The corrected mean velocity fields are consistent with regular rotation , and the velocity dispersion fields display significant deviations from isotropy .

We model \omega Cen with an axisymmetric implementation of Schwarzschild ’ s orbit superposition method , which accurately fits the surface brightness distribution , makes no assumptions about the degree of velocity anisotropy in the cluster , and allows for radial variations in M / L .
We bin the individual measurements on the plane of the sky to search efficiently through the parameter space of the models .
Tests on an analytic model demonstrate that this approach is capable of measuring the cluster distance to an accuracy of about 6 per cent .
Application to \omega Cen reveals no dynamical evidence for a significant radial dependence of M / L , in harmony with the relatively long relaxation time of the cluster .
The best-fit dynamical model has a stellar V -band mass-to-light ratio M / L _ { V } = 2.5 \pm 0.1 M _ { \odot } /L _ { \odot } and an inclination i = 50 ^ { \circ } \pm 4 ^ { \circ } , which corresponds to an average intrinsic axial ratio of 0.78 \pm 0.03 .

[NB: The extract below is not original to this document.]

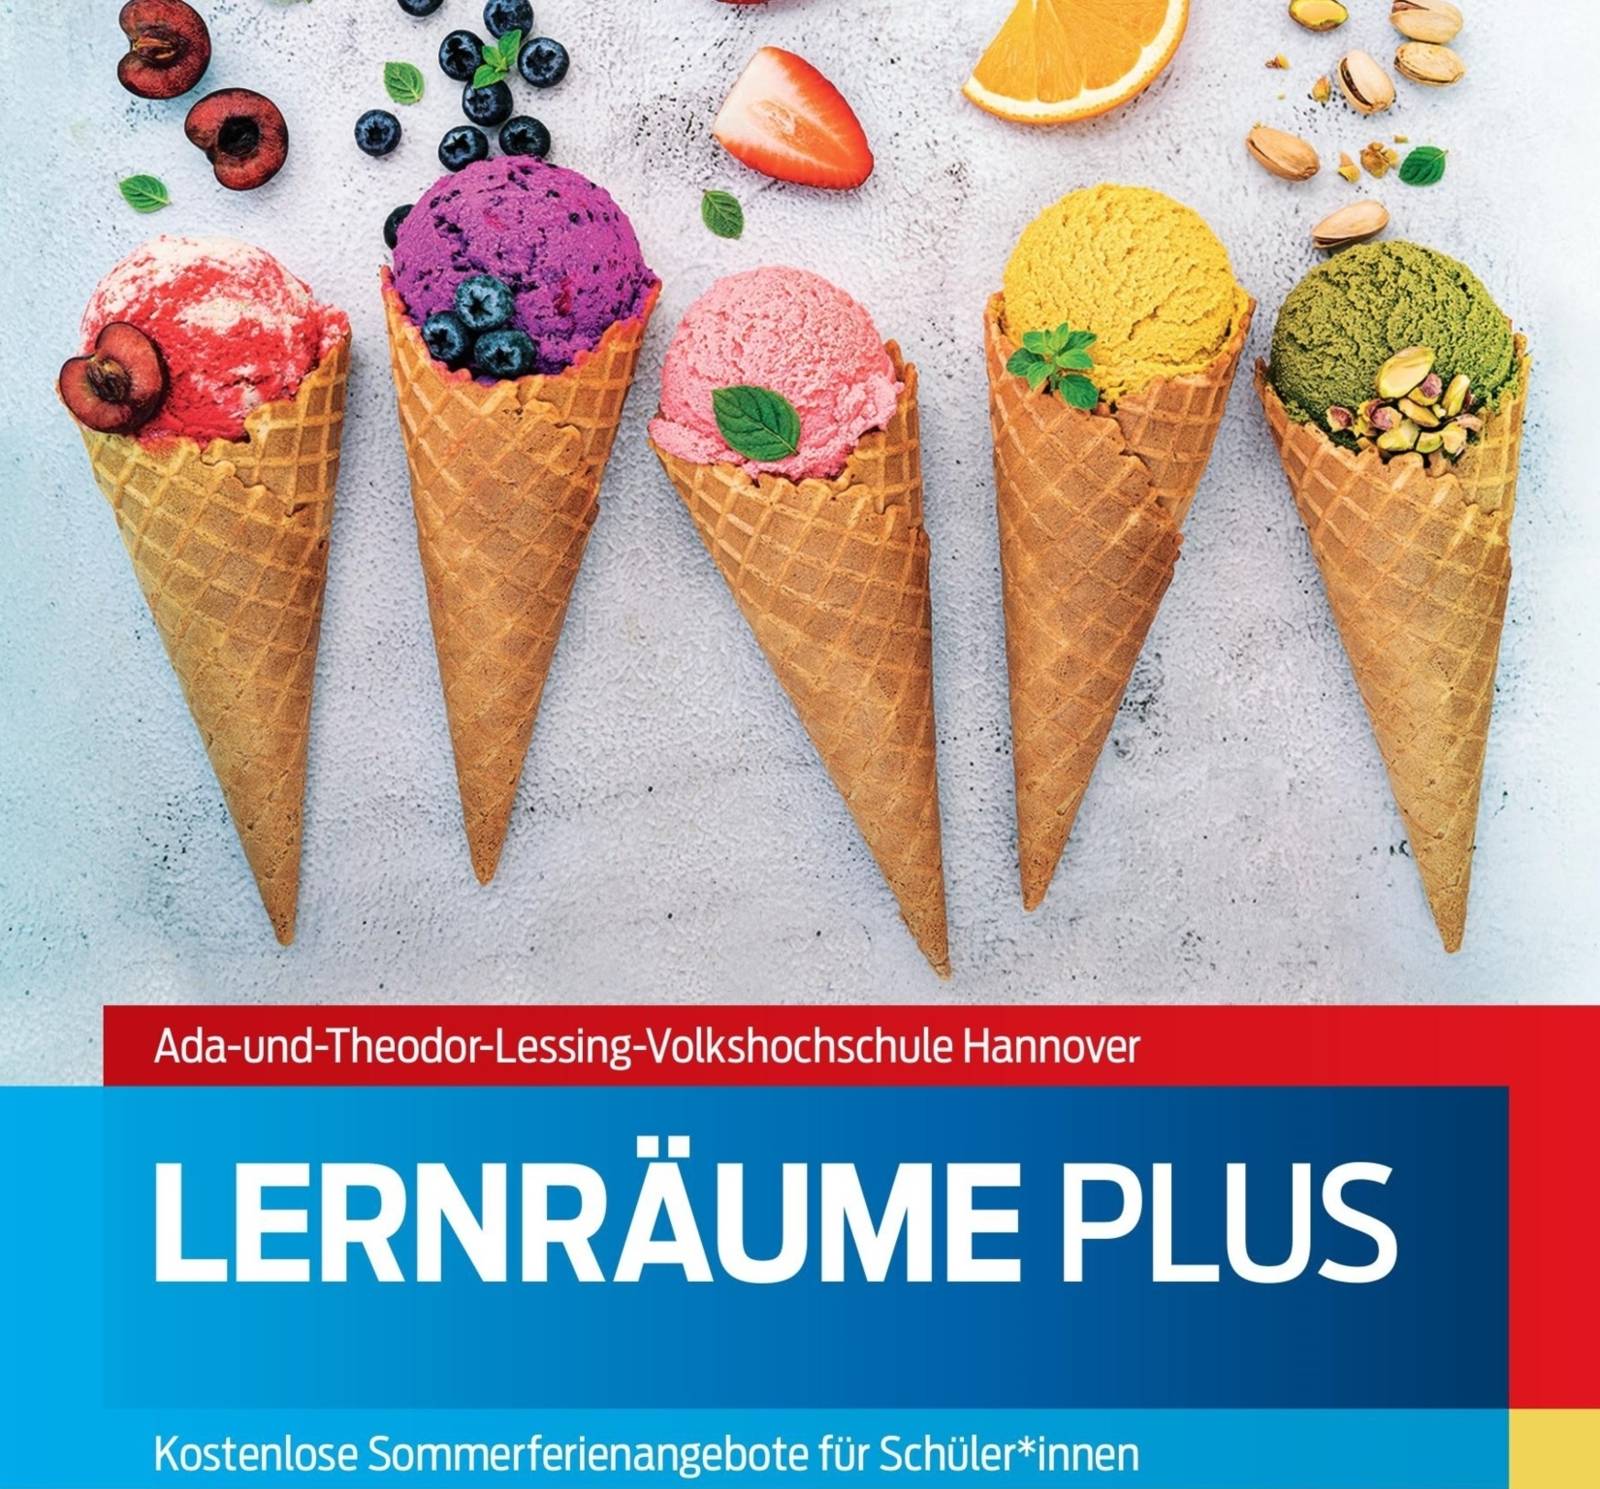 Plakat Ada-und Theodor Lessing VHS: Mehrere Eiswaffeln mit verschiedenen Eiskugeln und Früchten sind zu sehen. Text LernräumePlus . Kostenloses Sommerferienangebot.
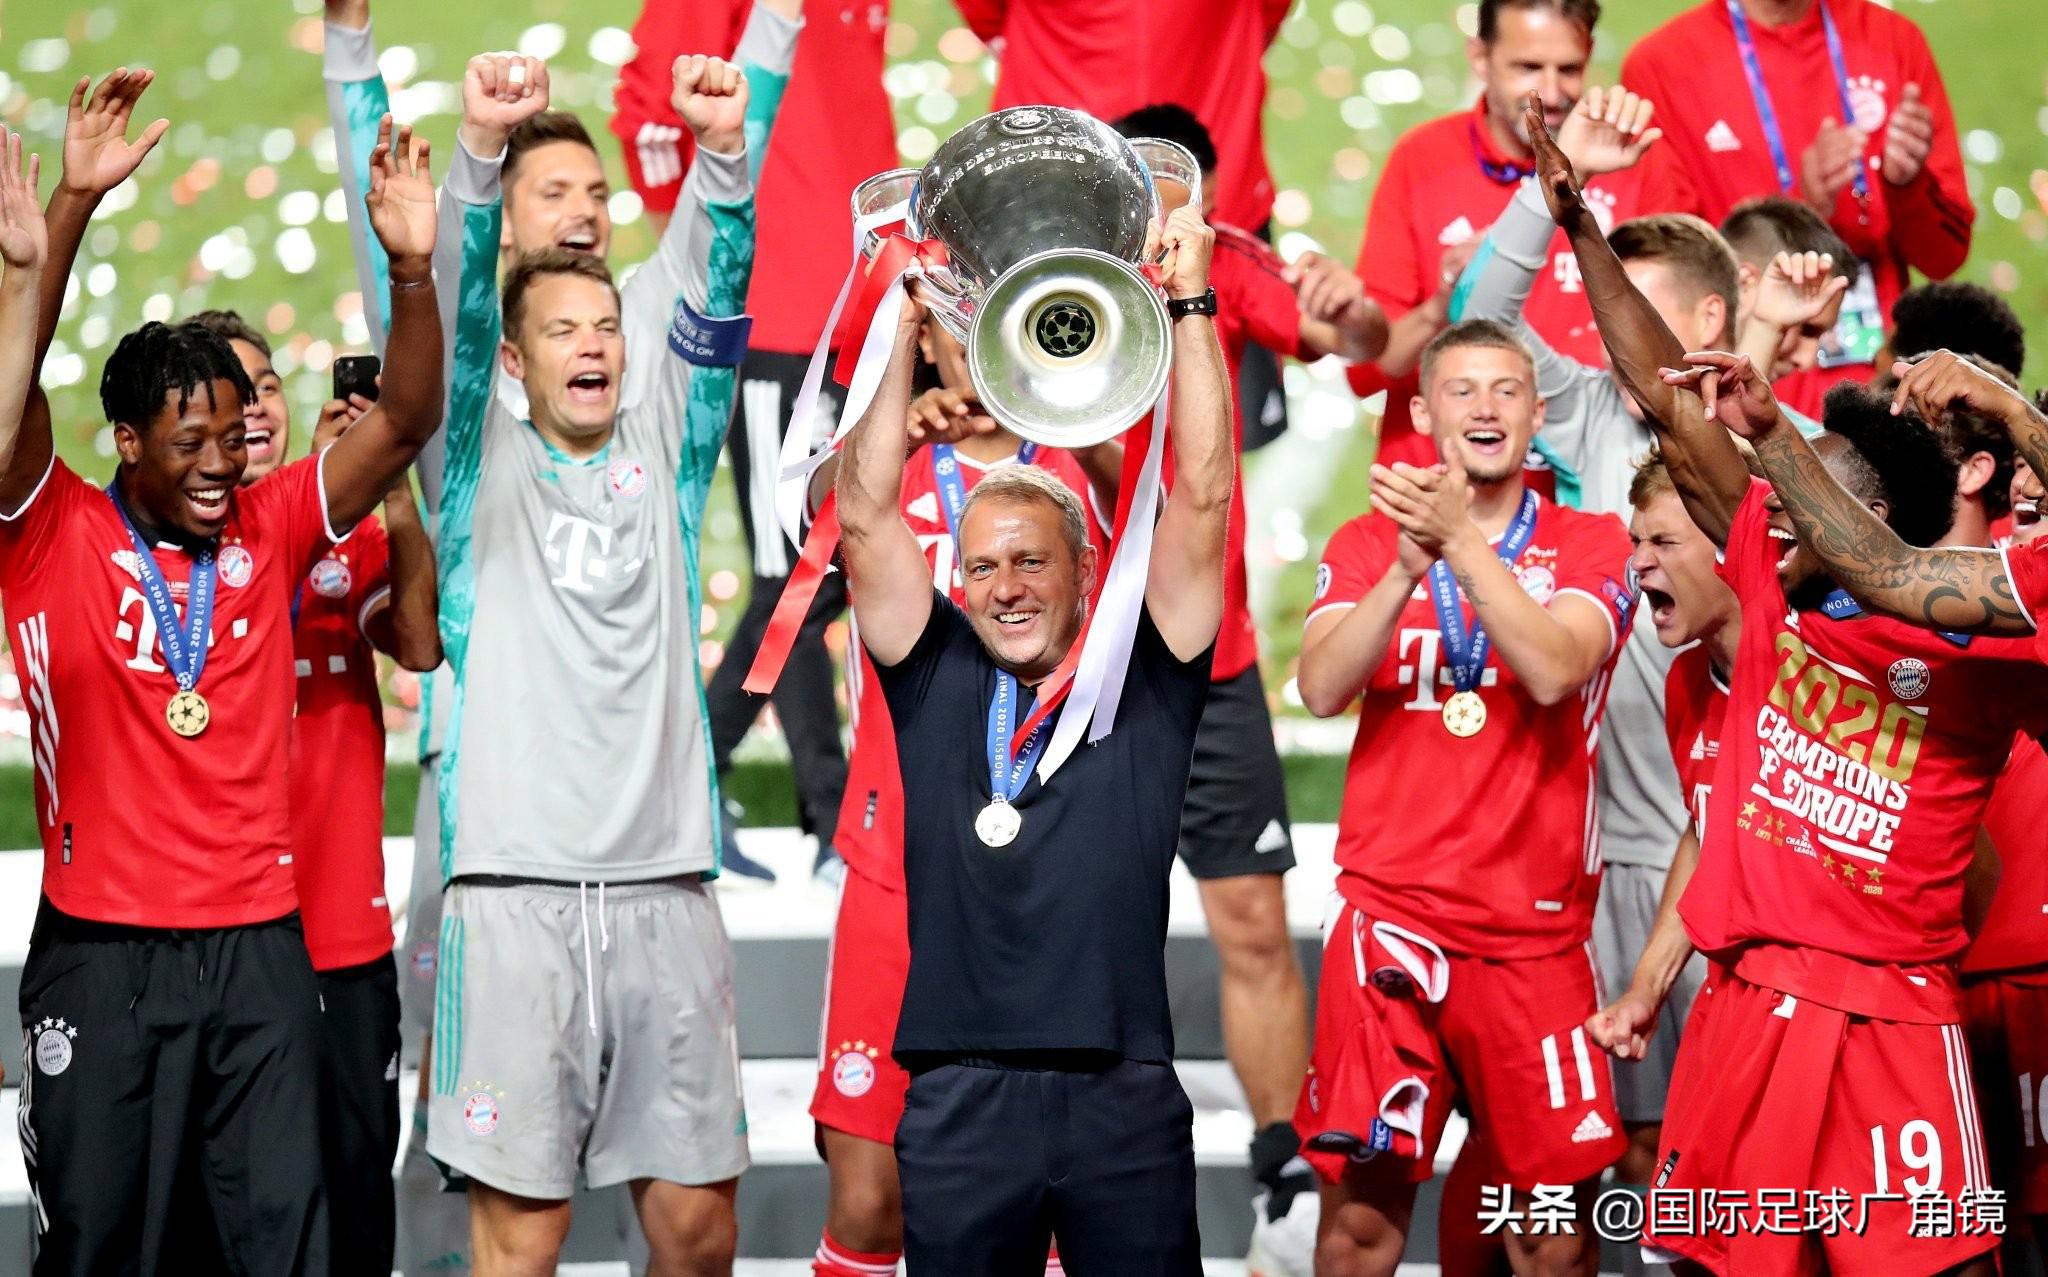 世界各地看欧冠决赛 慕尼黑陷入狂欢——德国媒体看欧冠(5)

The best-fit dynamical distance D = 4.8 \pm 0.3 kpc ( distance modulus 13.75 \pm 0.13 mag ) is significantly larger than obtained by means of simple spherical or constant-anisotropy axisymmetric dynamical models , and is consistent with the canonical value 5.0 \pm 0.2 kpc obtained by photometric methods .
The total mass of the cluster is ( 2.5 \pm 0.3 ) \times 10 ^ { 6 } M _ { \odot } .

The best-fit model is close to isotropic inside a radius of about 10 arcmin and becomes increasingly tangentially anisotropic in the outer region , which displays significant mean rotation .
This phase-space structure may well be caused by the effects of the tidal field of the Milky Way .
The cluster contains a separate disk-like component in the radial range between 1 and 3 arcmin , contributing about 4 % to the total mass .